Don Orione molto attinse dagli esempi e gli insegnamenti di Sant’Ignazio.
DON ORIONE: SANT’IGNAZIO È ANCHE PADRE MIO
Ignazio di Loyola fu proclamato santo nel 1622 da papa Gregorio XV e viene ricordato il 31 luglio, suo dies natalis al Cielo nell’anno 1556.
Ignazio era il più piccolo di 13 fratelli e crebbe agiatamente nel Castello di famiglia, appartenente al potente casato dei Loyola. Per un breve periodo prestò servizio come cortigiano e nel 1517, dopo la morte di entrambi i genitori, si arruolò nell’esercito. Nel corso dell’assedio di Pamplona, rimase ferito ad una gamba da una palla di cannone.
Fu così costretto a letto per tre mesi, sotto stretto controllo medico e subendo dolorose operazioni. In questo periodo ebbe modo di avvicinarsi al cristianesimo, grazie alla lettura di numerosi testi religiosi dei quali ne rimase profondamente affascinato, in particolar modo dalla Vita di Cristo e dalla Legenda Aurea: queste letture colpirono talmente nell’intimo il futuro santo che, a guarigione avvenuta (la sua gamba ferita rimarrà comunque più corta dell’altra), decise di convertirsi, ritenendo che la sua vita avrebbe dovuto cambiare drasticamente.
La sofferenza fisica patita da Ignazio, la paura e l’angoscia vissuta in quel periodo, fu cruciale per la sua conversione, in quanto proprio in quella situazione di impotenza, in quella sua “croce”, ebbe modo di incontrare Dio nella sua vita, nella figura di Gesù Cristo, motivo per cui ritenne opportuno da quel momento in poi vivere seguendo l’esempio, oltre che dei santi, di Gesù Cristo, cercando di imitarlo fino ad incarnarlo nella propria esistenza, con i fatti e con il cuore, divenendo vero e proprio strumento dell’azione divina.
Per Ignazio di Loyola, infatti, l’uomo progredisce o regredisce, indistintamente, imitando Gesù Cristo, nel quale l’uomo trova la sua espressione più alta.
All’età di 33 anni, ritenne opportuno, per poter svolgere al meglio l’attività di apostolato, di approfondire le sue conoscenze letterarie e teologiche ad Alcalà e a Salamanca e poi a Parigi, dal 1528 fino al 1534.
Qui conobbe i suoi primi compagni/discepoli (Pietro Favre, Francesco Xavier, Diego Lainez, Alfonso Salmerón, Simão Rodrigues e Nicolás Bobadilla) che assieme a lui, il 15 agosto 1534, presso la Cappella di Montmartre fondarono la Compagnia di Gesù, vero e proprio frutto della conversione di Sant’Ignazio. Nell'ambito della Compagnia di Gesù, ad oggi, si contano 49 Santi di cui 34 martiri e ben 147 Beati di cui 139 martiri e numerosissimi Servi di Dio e Venerabili, tra i quali ricordiamo San Francesco Saverio, che evangelizzò l’India e il Giappone, e Matteo Ricci, uno dei più grandi missionari della Cina.

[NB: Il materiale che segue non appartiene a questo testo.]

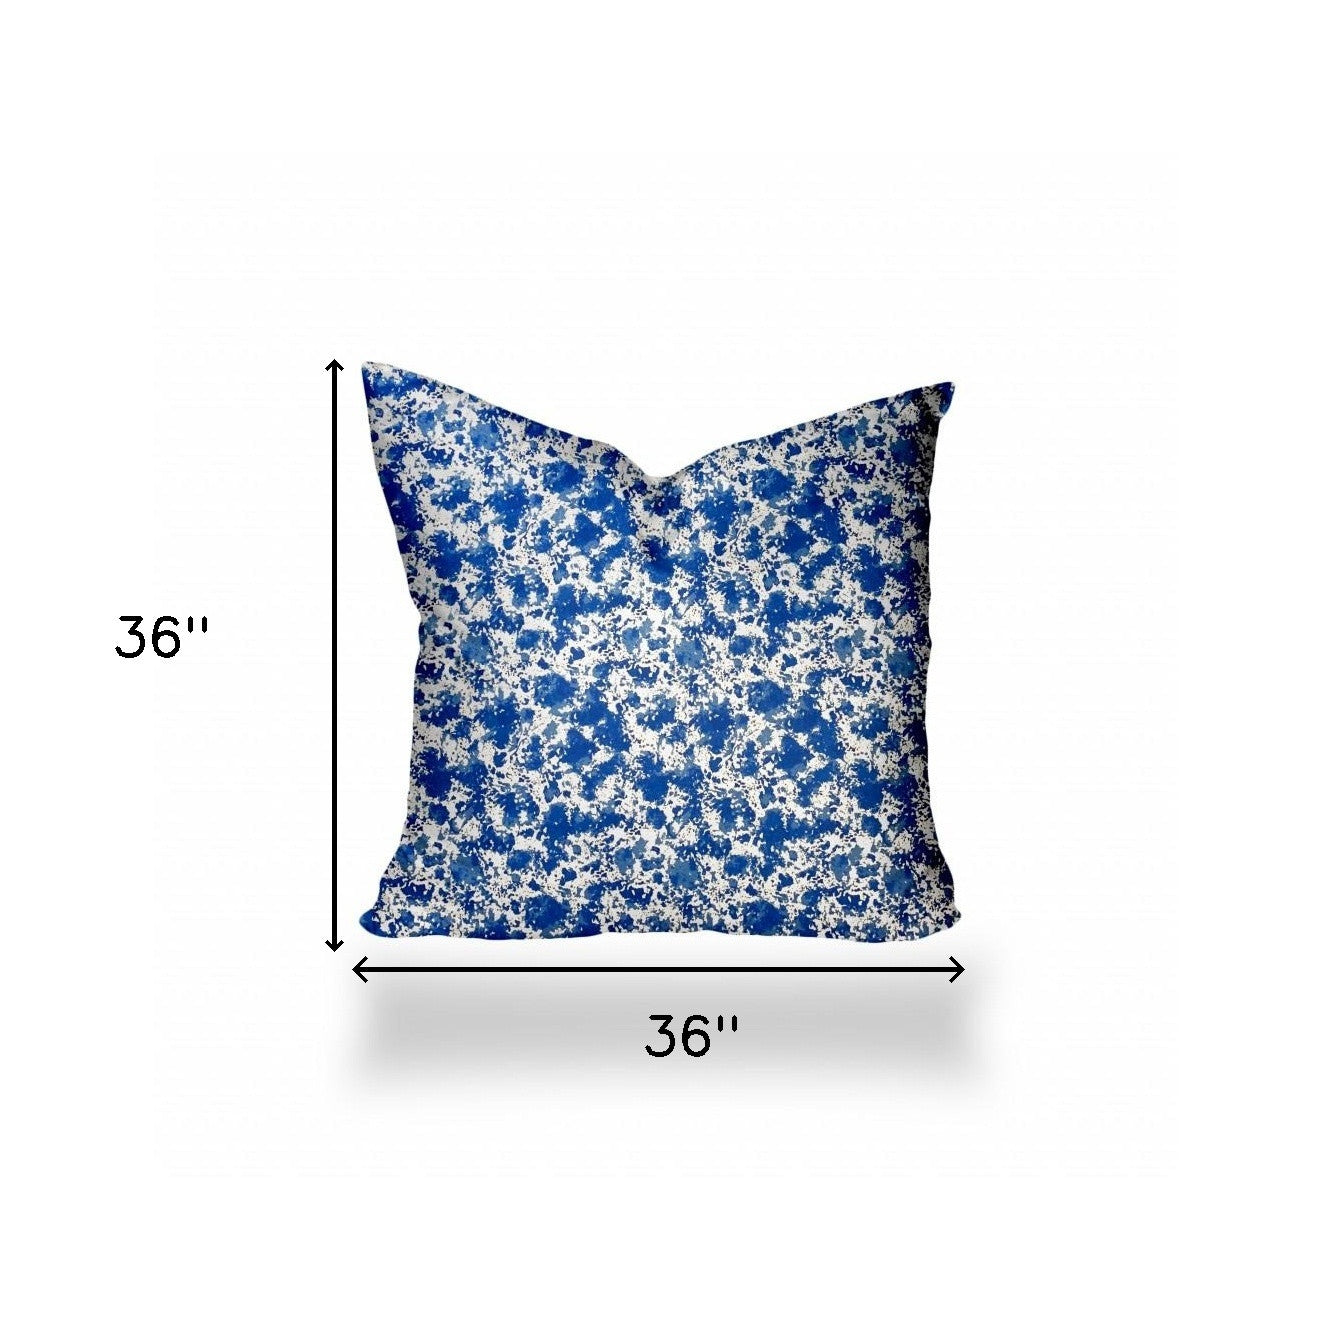 36" X 36" Blue And White Zippered Coastal Throw Indoor Outdoor Pillow

Il santo venne inviò i suoi “figli” in tutto il mondo allora conosciuto, compresi i cosiddetti “nuovi paesi” (Africa, America ed Asia), per portare la “buona novella”, fondando scuole, istituti, collegi e seminari; nel 1544, per volere del Papa, Ignazio venne a Roma e vi svolse un’assidua attività di preghiera, celebrando giornalmente l’eucarestia e coordinando tutte le attività della Compagnia.
Don Orione ammirò molto Sant’Ignazio e i Gesuiti, la loro spiritualità e il loro apostolato. “S. Ignazio è anche padre mio”, scrisse il 1° agosto 1905. Nel 1920, confidò: “Dovendomi scegliere un Santo a protettore mio e dell’Istituto, ho scelto Sant’Ignazio”; in altra occasione precisò che fu “mio speciale protettore fin dagli anni che ero in Seminario”.
Particolare punto di incontro con la spiritualità ignaziana si ha nel IV voto che non Orione volle non solo di “obbedienza al Papa”, come i Gesuiti, ma di “speciale fedeltà al Papa”, indicando un totale coinvolgimento di cuore, mente e attività nell’amore al Papa.
Sono molti gli esempi e gli insegnamenti di Sant’Ignazio che Don Orione richiamava. Il 19 febbraio 1940, a meno di un mese dalla sua morte, Don Orione ricordava: “Sant’Ignazio di Lojola si spogliò degli abiti fastosi – era spagnolo – e si vestì degli abiti di un mendicante; e nella Regola dice: ‘La povertà deve essere il saldo muro di difesa dello spirito della Compagnia di Gesù”.